Planting Seeds and Harvesting Smiles

Jeremy Gelman
June 2007
Planting Seeds and Harvesting Smiles

Israel's war with Lebanon may seem like old news, but the damage is still fresh.

They hid it well. The houses looked normal, restaurants were full, and children played in the street after school. People smiled and were quick to reminisce about good times. Not a hint of bitterness could be found in their voices.

To a casual observer, this all may have seemed like a normal December day in the north of Israel, but that was before they took you to the bomb shelters. And that was before you saw the craters in backyards, the charred forests, the nightmare-filled sleep of children and the feeling that one day, the bombs will inevitably return.

These were the things that brought us to Kiryat Shmona, an Israeli city only miles from the Lebanese border. In joining over 500 Jewish college students and young adults this past December for two days of a ten-day program called Leading Up North, the B'nai B'rith Youth Organization's (BBYO) International Board arrived ready to help.

Our service started when we found ourselves on a barren mountain slope with over 40 busloads of North American teens and young adults. A tour guide told us that the empty acres of land surrounding us had been a lush forest that burned in a fire started by a single Katyusha rocket. It took hundreds of us to replant the trees which fell victim to just one rocket—one of thousands that rained on northern Israel for over 30 days this past summer. The mountain slope's vast emptiness was humbling, but the process of replanting an entire forest proved therapeutic. We finally understood that our presence was really making a difference.

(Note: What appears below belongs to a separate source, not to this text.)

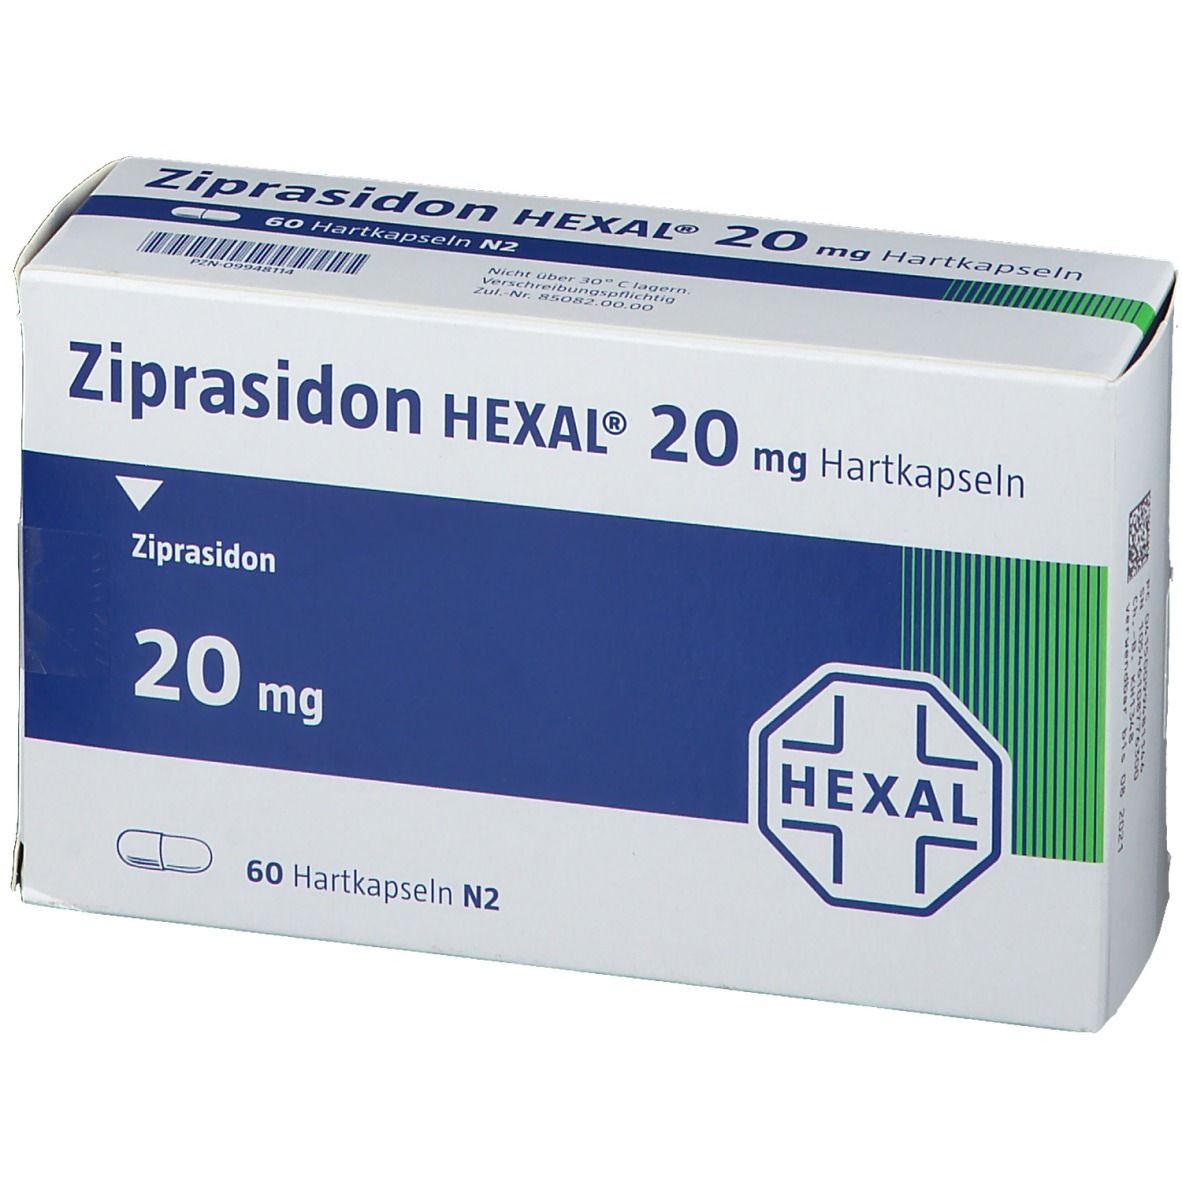 Ziprasidon HEXAL® 20 mg

Once we were finished helping the land, we set out to help the people. We traveled to the local Jewish Center in Kiryat Shmona and helped staff a children's carnival at as part of a community-wide concert called Festival B'Shekel. The carnival seemed like a fun task, with my group working the balloon animal and cotton candy station.

After I handed balloons to a set of 6-year-old twin brothers, their parents thanked me profusely. In broken English, their teary-eyed father told me how one of his boys was having trouble sleeping ever since the bombings began and how neither boy wanted to play outside anymore. But today, they were full of joy, smiling constantly and demanding cotton candy at a rate that our cotton candy machine from the late 1980s just couldn't handle. All of the carnival activity made it easy to forget the trauma these 3-foot-tall bundles of laughter had to experience when they should have been enjoying a carefree summer break.

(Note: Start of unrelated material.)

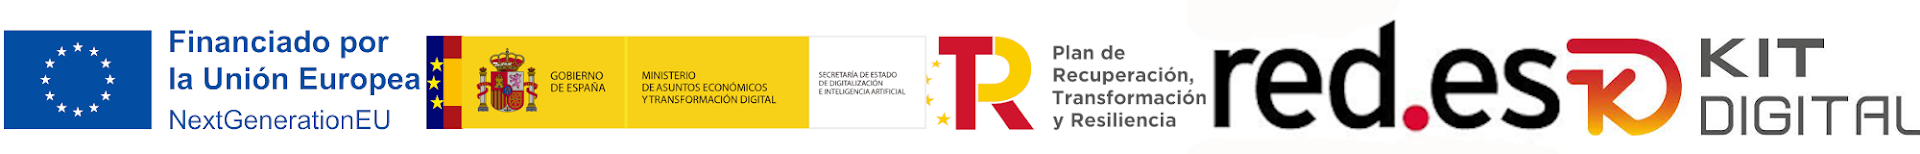 Logo de financiado por la union europea, gobierno de españa, plan de recuperación transformación y resilencia, red.es y kit digital

Just one short day in Kiryat Shmona helped me to understand the impact of the war far beyond what we all saw on television this summer. It will take years for these kids to get over 30 straight days and nights of hell. It will take decades for forests to grow back and a lifetime for people to stop looking at the sky expecting the next rocket to fall.

But having the chance to join with over 500 North American students who were dedicated to making a difference revealed that Israel is still in need of healing even when it isn't the top headline on the news. Each of us has a role to play in making it easier for those who should never have to live in terror again.

Jeremy, 18, lives in Greenwood Village, Colo. He is currently serving as the Grand Aleph Godol of the Aleph Zadik Aleph, or International President of the men's half of BBYO. For the past seven months, Jeremy has traveled the world, meeting with BBYO members from Los Angeles to Bulgaria and everywhere in between. When his term ends in June, Jeremy will attend the University of Colorado-Boulder.